12. The system according to claim 8, wherein the one or more processors are further configured to:
deploying a second AI model along with the first AI model within the secure cloud-based enclave;
analysing, by the transfer AI agent using the second AI model, the data and the context associated with the collaboration request to generate the inferences and potential solutions;
comparing performance of the second AI model with performance of the first AI model based on an analysis of results generated by the second AI model and the first AI model; and
prioritizing the second AI model over the first AI model based on a determination the performance of the second AI model is better than the performance of the first AI model.
13. The system according to claim 8, wherein the one or more processors are further configured to:
identifying a redundant AI agent from the plurality of AI agents based on performance of each AI agent of the plurality of AI agents;
archiving knowledge and critical interaction history from the redundant AI agent; and
deconstructing the redundant AI agent from the plurality of AI agents after archiving knowledge and critical interaction history from the redundant AI agent.
14. The system according to claim 8, wherein the secure cloud-based enclave securely retains the user data within the database without directly exposing to an external AI system.

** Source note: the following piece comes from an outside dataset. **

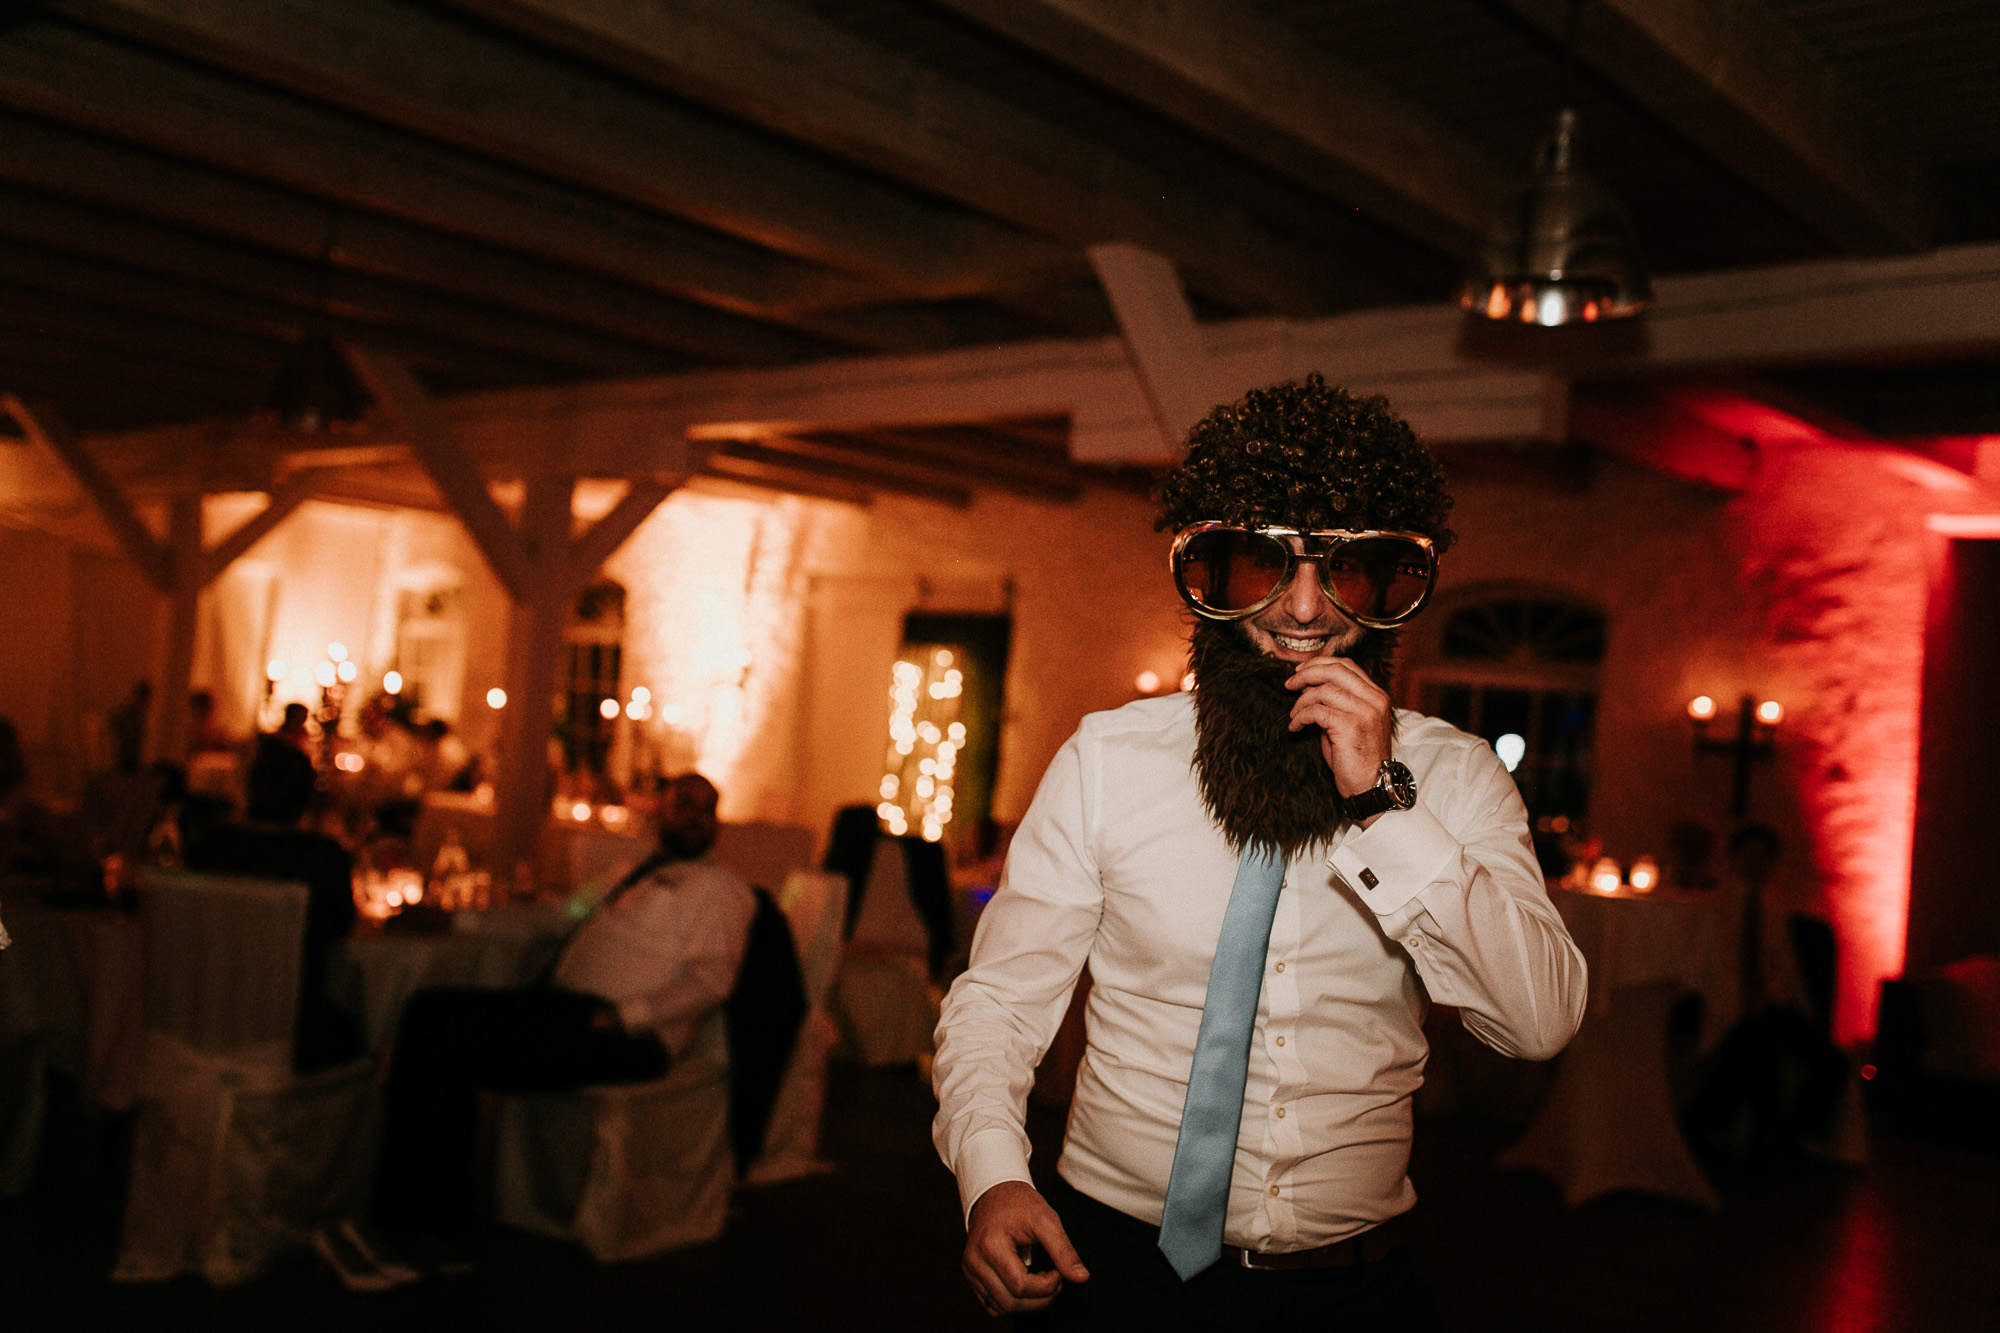 DanielaMarquardtPhotography_Hochzeitsfotograf_Düsseldorf_Köln_Mallorca_Bayern_Austria_Harz_Wedding_AileenundLennart_Weddingphotographer_Ibiza_Tuskany_Italien_Toskana_Portugal_Lissabon286
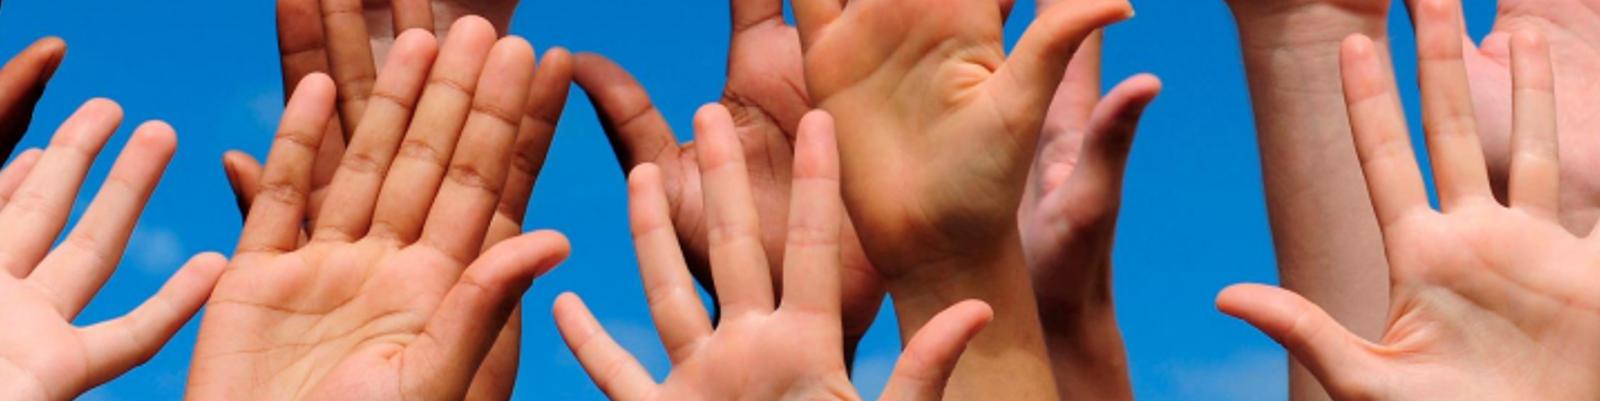 slide:Initiatives for a Stronger Community

15. A non-transitory machine-readable medium including data, which when used by a system for managing collaboration of a plurality of Artificial Intelligent (AI) agents within a secure cloud-based enclave, causes the system to perform instructions that cause the system to perform operations comprising:
receiving, by an AI agent of the plurality of AI agents, a collaboration request to communicate with a transfer AI agent within the secure cloud-based enclave, wherein the collaboration request comprises initial parameters and a state of the AI agent;
logging, by the AI agent, the collaboration request with the initial parameters and the state of the AI agent in a database associated with the secure cloud-based enclave;
transmitting, by the AI agent, the collaboration request with data and context to the transfer AI agent within the secure cloud-based enclave;
adapting, by the transfer AI agent, operational context associated with the collaboration request to register accessed knowledge sources and configuration changes;
analysing, by the transfer AI agent using a first AI model deployed within the secure cloud-based enclave, the data and the context associated with the collaboration request to generate inferences and potential solutions;
transmitting, by the transfer AI agent, the generated inferences and potential solutions to the AI agent in response to the collaboration request; and
executing, by the AI agent, an action to the collaboration request based on the generated inferences and potential solutions.